### Instructions for the task
Leave the pictures out. Retype exactly the lines below from the one containing "easy to use!" through the one containing "Jameson's Heroic Charge.", and no others.

*** Provided information Section Begins ***

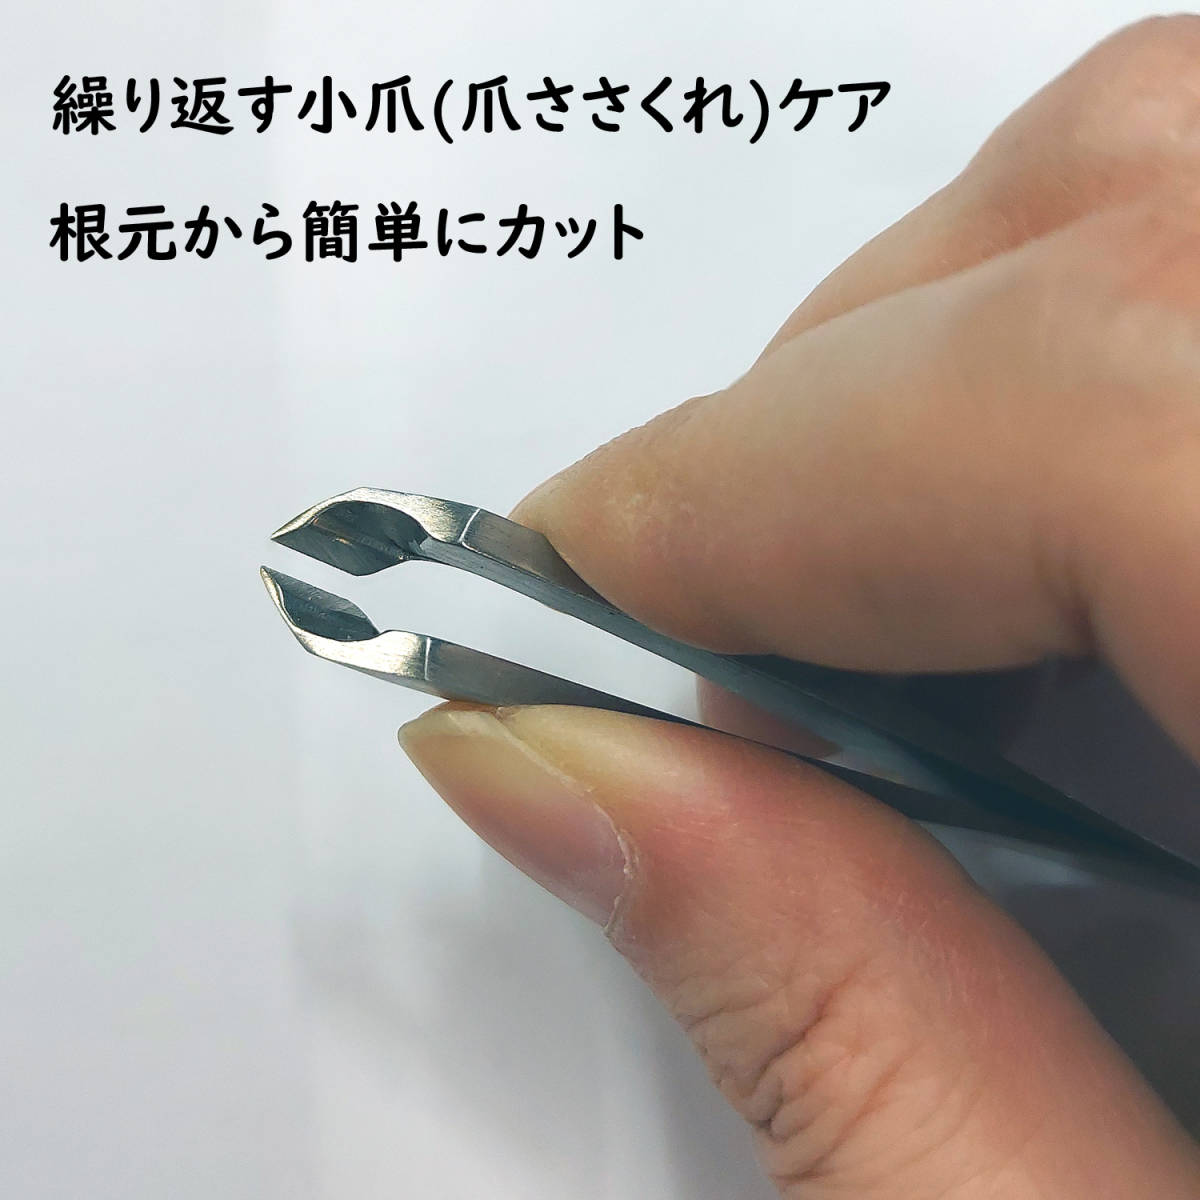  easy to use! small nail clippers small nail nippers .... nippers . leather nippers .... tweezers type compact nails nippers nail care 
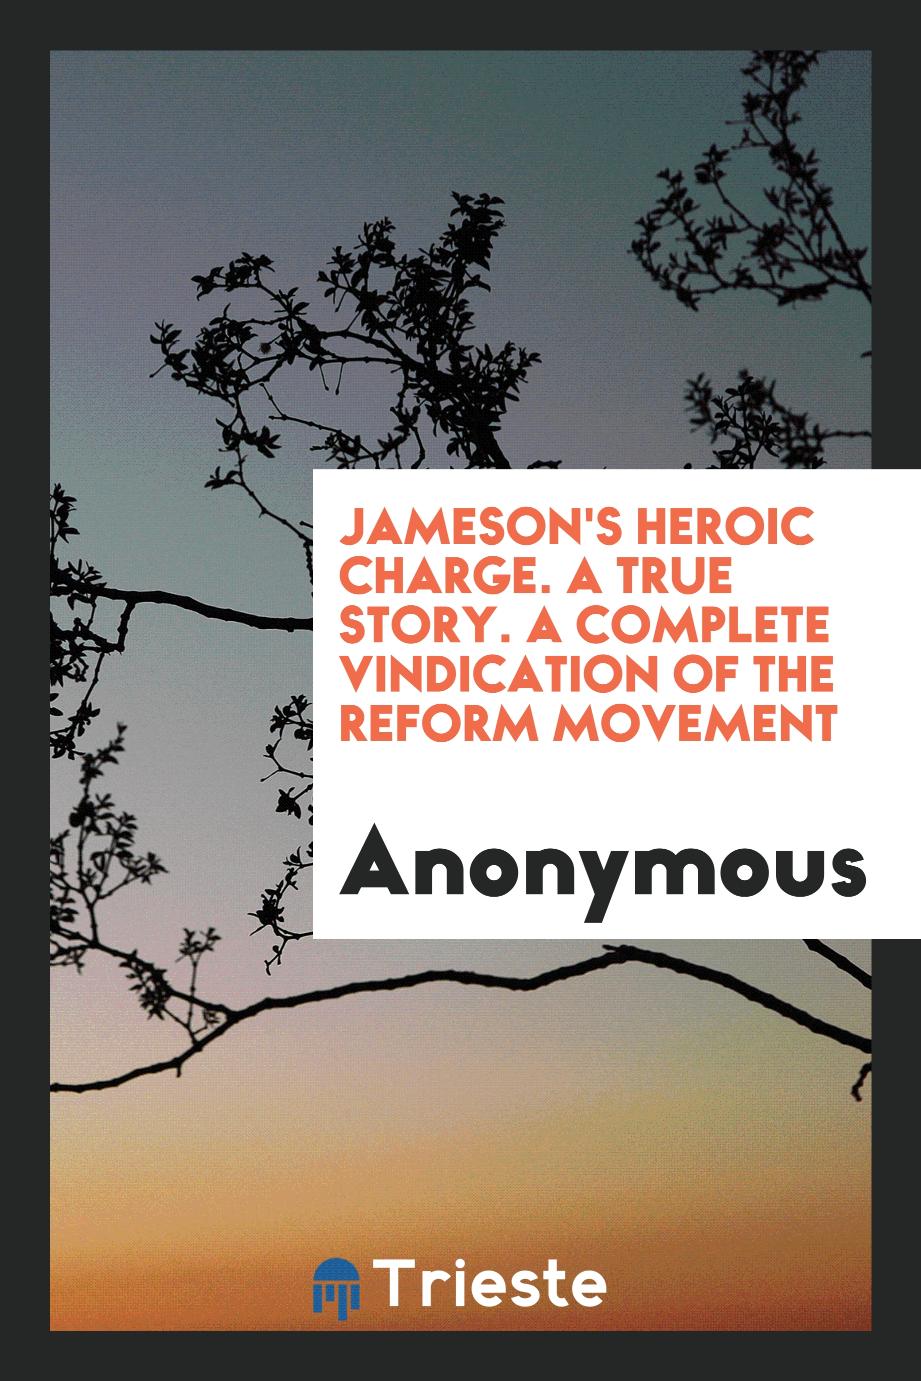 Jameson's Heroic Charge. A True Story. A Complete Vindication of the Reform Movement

*** Provided information Section Ends ***
*** Provided information Section Begins ***

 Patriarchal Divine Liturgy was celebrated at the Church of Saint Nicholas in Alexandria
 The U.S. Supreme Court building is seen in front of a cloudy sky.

*** Provided information Section Ends ***

### Response to the task
  easy to use! small nail clippers small nail nippers .... nippers . leather nippers .... tweezers type compact nails nippers nail care 
 Jameson's Heroic Charge. A True Story. A Complete Vindication of the Reform Movement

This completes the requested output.